= Basilios Isaac Joubeir =

Head of the Syriac Catholic Church from 1704 to 1721

Basil Ishaq ibn Jubair (or Isaac Basilios Joubeir, c. 1645–1721) was the maphrian and Archbishop of Nineveh. He converted to Eastern Catholicism and saw the turbulent times of the attempts of union of the Syriac Orthodox Church with the Church of Rome during the reigns of the Syriac patriarchs of Antioch Ignatius Andrew Akijan (1662–1677) and Ignatius Gregory Peter VI Shahbaddin (1679–1702).
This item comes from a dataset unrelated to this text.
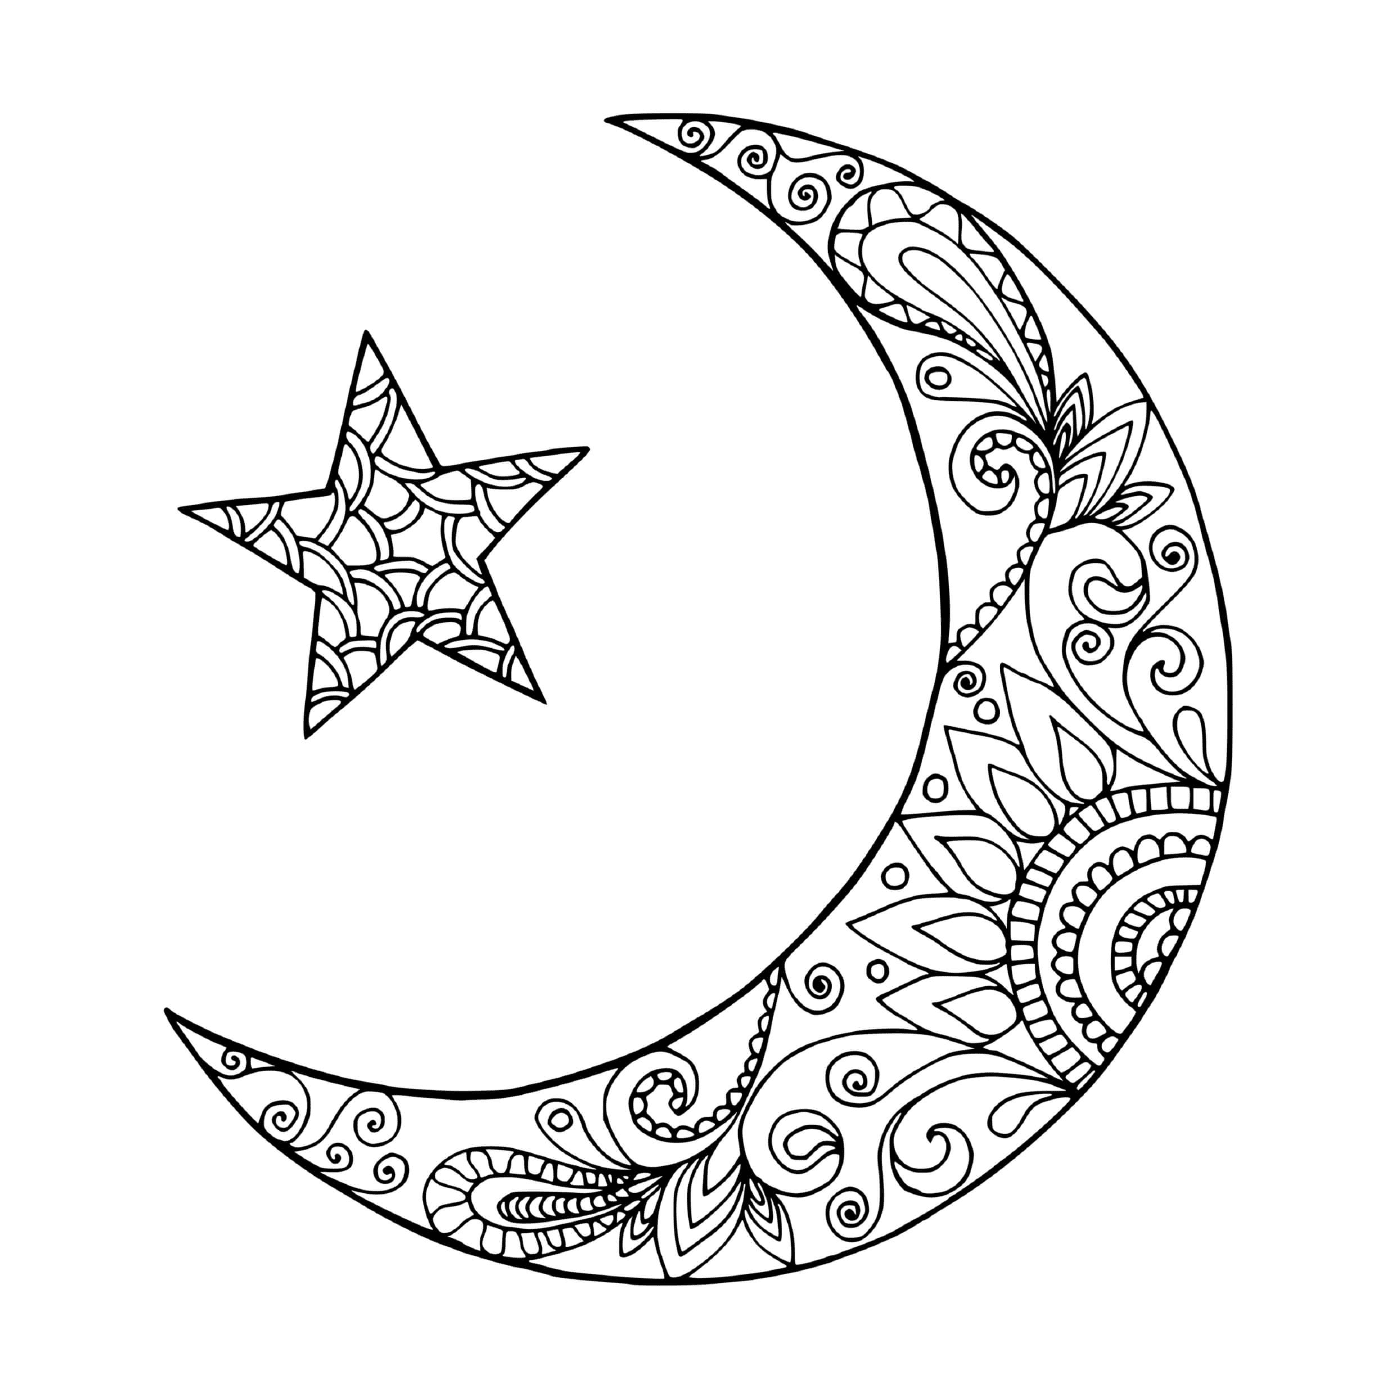  Luna a forma di mezzaluna e stella

After Patriarch Shahbaddin's arrest by the Ottoman authorities and eventual death in prison on 4 March 1702, on 23 November 1703, Isaac Basilios Joubeir was elected as new Patriarch. Joubeir was at the time in Istanbul in the French consulate. He was later confirmed as Patriarch on 17 November 1704 by Rome.

But Joubeir did not accept the title of patriarch and considered himself only as Maphrian, waiting for a "better time". In 1706 he moved to Rome where he died on 18 May 1721.

The Syriac Catholic Church had a new patriarch only in 1783 with Ignatius Michael III Jarweh.